Some populations may be more susceptible to the effects of broadband noise on sleep stages. Children, who spend more time in REM sleep and are in critical stages of brain development, may be particularly vulnerable to disturbances in REM caused by continuous background noise. In contrast, patients in noisy hospital environments may benefit from white noise as a masking tool, although the long-term safety and developmental impacts, especially in infants and children, are still not fully understood 5 12.

• Children and infants spend more time in REM sleep, and evidence on the safety of continuous noise exposure in these groups is limited 5.
• In neonatal intensive care, white noise has shown some positive effects (e.g., weight gain), but sleep-wake pattern improvements are not consistently demonstrated 12.
• Hospitalized adults and patients exposed to high environmental noise may experience improved sleep quality with white noise masking, but these results may not apply to healthy individuals or home settings 10 11.
• The new study’s caution regarding the use of pink noise for children is supported by concerns about vulnerable populations in the literature 5 12.

How do tailored auditory stimuli (e.g., binaural beats, ASMR) compare to broadband noise?

Emerging research suggests that customized auditory approaches, such as binaural beats combined with ASMR triggers or rhythmic acoustic stimulation, may offer sleep-promoting benefits without the potential downsides of continuous broadband noise.
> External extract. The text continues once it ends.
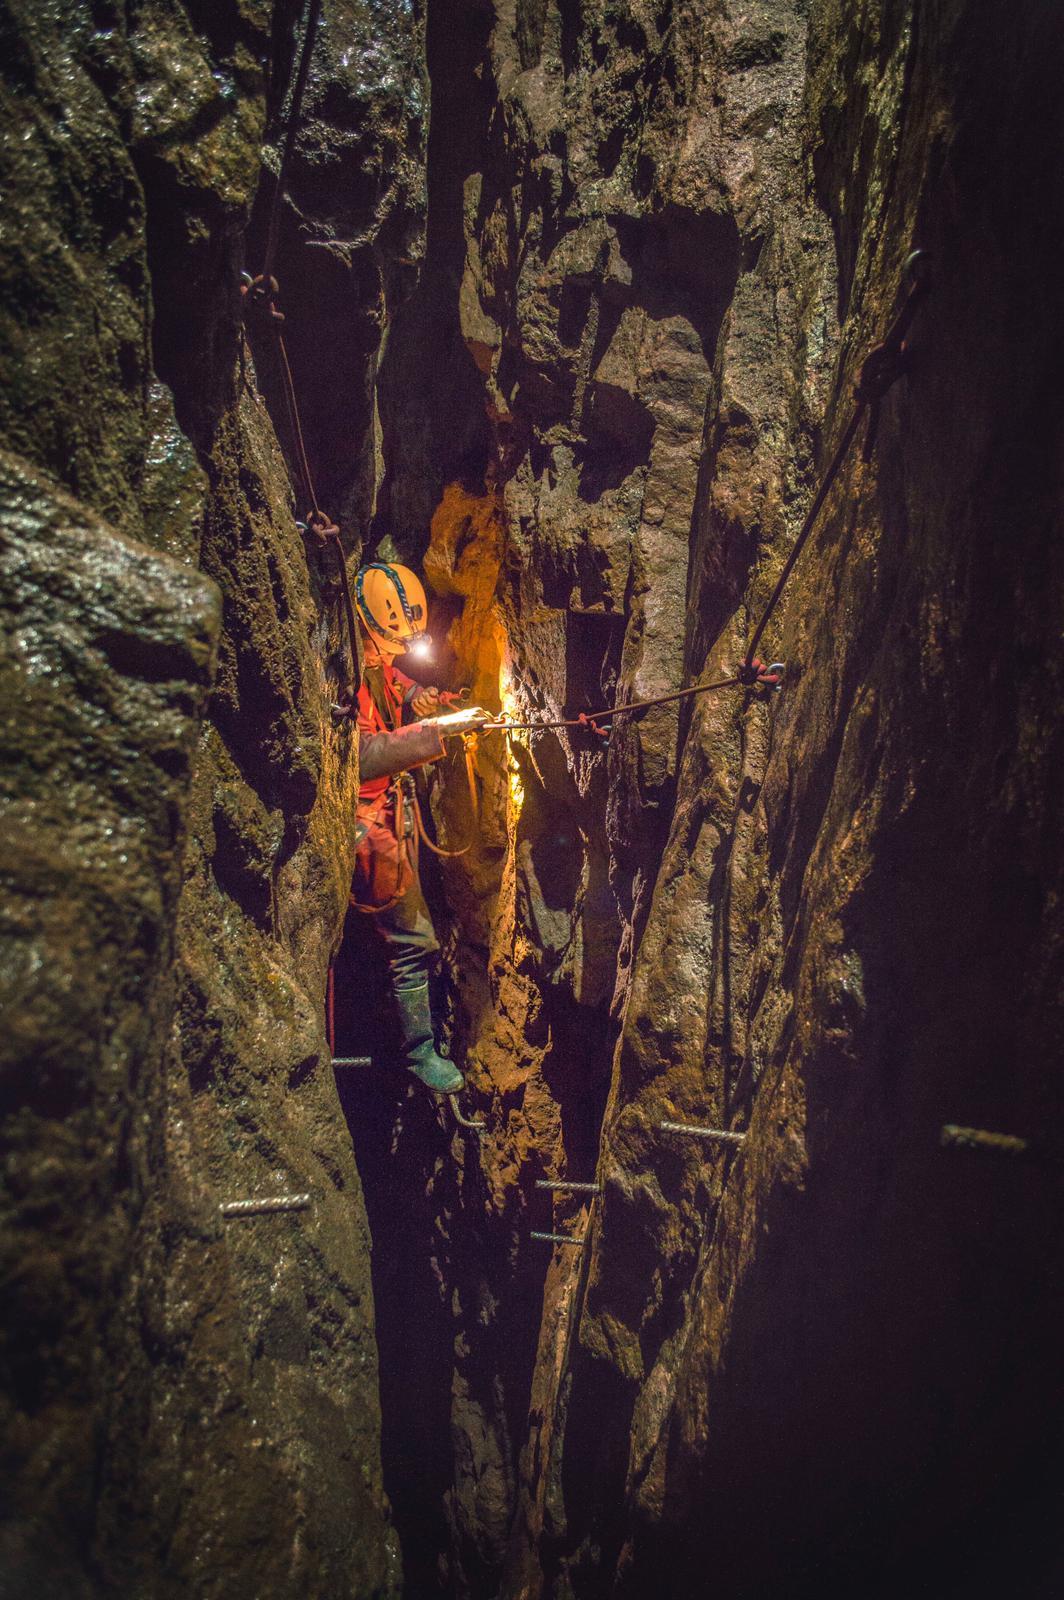 Mine explorer having fun in a tin mine in Truro, Cornwall

These methods can induce sleep-related brainwave patterns and enhance slow-wave sleep without reducing REM sleep, and may provide greater psychological comfort 1 8.

• Combined binaural beats and ASMR triggers can effectively induce sleep and promote user comfort, providing an alternative to continuous noise 1.
• Rhythmic, non-continuous pink noise bursts delivered during naps have been shown to enhance slow-wave activity, potentially supporting restorative sleep without broadly suppressing REM 8.
• These targeted approaches may reduce negative effects on sleep architecture compared to continuous broadband noise, an area that warrants further study 1 8.
• The new study’s findings highlight the need for research into safer and more effective auditory sleep aids.

Future Research Questions

Given the mixed and often inconclusive evidence, future research is needed to clarify the long-term health effects, optimal use, and safety of broadband noise as a sleep aid—especially in vulnerable populations. The limitations of current studies, including small sample sizes, short durations, and lack of focus on developmental or cognitive outcomes, underscore the importance of further investigation.

Research Question	Relevance
What are the long-term effects of continuous broadband noise exposure on sleep architecture and cognition?	Long-term studies are lacking, and potential cumulative effects on REM and deep sleep, as well as cognitive outcomes, are not well understood 3 5 7.
How do different colors of noise (pink, white, brown) differentially impact sleep stages?	Comparative studies are needed to determine whether specific types of broadband noise have unique effects on NREM, REM, and overall sleep quality 5 6 7.
What are the effects of broadband noise exposure on sleep in children and other vulnerable populations?	Children and infants may be particularly sensitive to disruptions in REM sleep; research on developmental and health impacts is limited and urgently needed 5 12.
Are tailored auditory stimuli (e.g. binaural beats, ASMR) safer or more effective than continuous noise for sleep induction?	Personalized auditory interventions may offer sleep benefits without suppressing REM or deep sleep, but direct comparisons and safety data are sparse 1 8.
What are the optimal sound intensity levels for noise-based sleep aids to maximize benefit and minimize harm?	Many studies use 50–60 dB(A), but effects at lower or higher intensities are not well characterized, and there may be a threshold above which sleep disruption occurs 4 6 7.